The Irishman grinned, “So you admit.”
“Admit what?” I quirked an eyebrow.
“That not all Germans are heartless bastards. In fact, most of them aren’t,” Patrick took another sip, “I had an old pal raised in Saxony. Man had a heart of gold, jumping into the fray to help those in need.”
I simply stared at the man with a curious look, the main question on my mind being how Patrick had so many ‘friends’.
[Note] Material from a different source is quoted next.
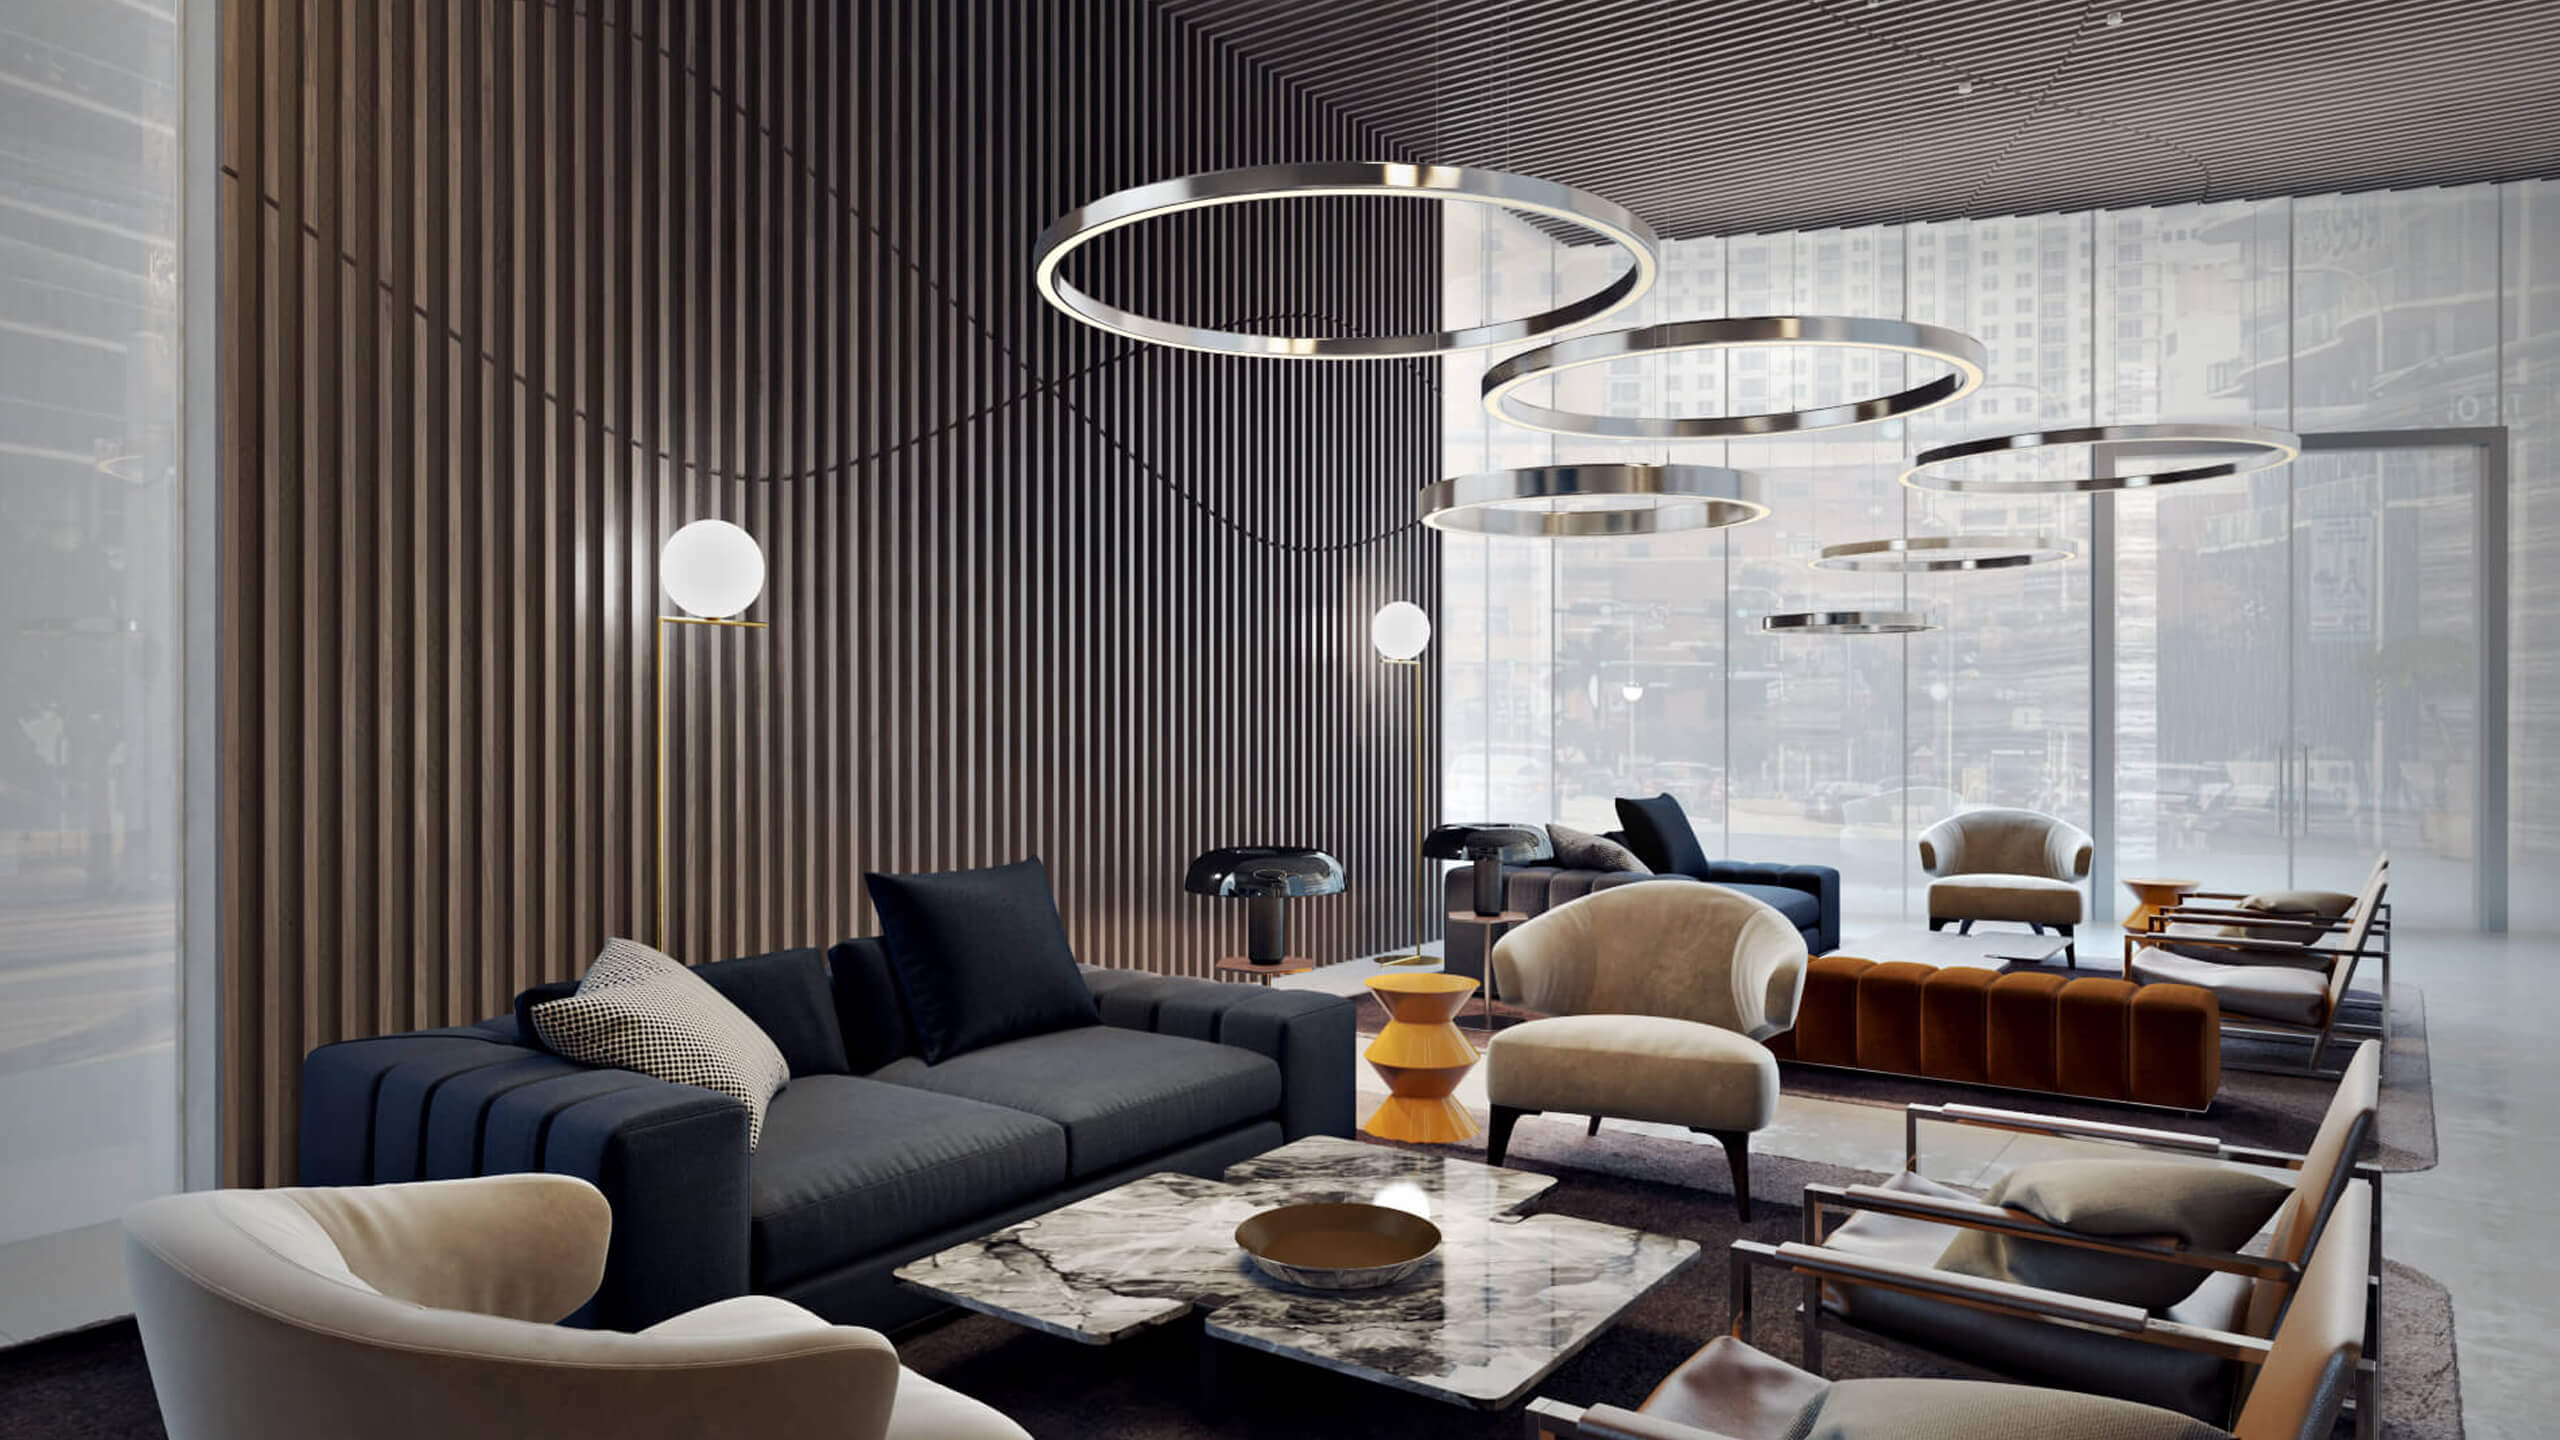 3D Rendering of Hotel Lounge Area

A somber air abruptly clouded his face, “He died doing what he loved; saving people. Got killed by a Russian sniper trying to help a poor kid who got his arm mangled by an explosion.”
I tried imagining it, a man wearing the German uniform doing his best to heal and calm down a panicked soldier. Or was he being literal? Konrad had been conscripted while still a child, so it wasn’t out of the realm of possibility.
No matter how hard I tried, I couldn’t. In a last ditch attempt, I imagined Konrad’s face instead of an unknown German man’s. It… helped a bit.
“Your face is red,” Patrick stated bluntly, chugging the last of his drink.
Come to think of it, I did feel hot. Probably the wine. I wasn’t very good with alcohol. Then again, our base wasn’t exactly known for having good air ventilation. Tended to happen when you lived underground.
“Anyways, I still don’t understand why Erhardt put him in the same dorm as you. It’s improper,” the Irishman stated, his tone neutral.
“That’s what I said!” I huffed.
“Well, let me know if he’s ever a bother and I’ll make sure he won’t bother ya again. After all, I have to look after my student,” he chuckled, cracking his knuckles.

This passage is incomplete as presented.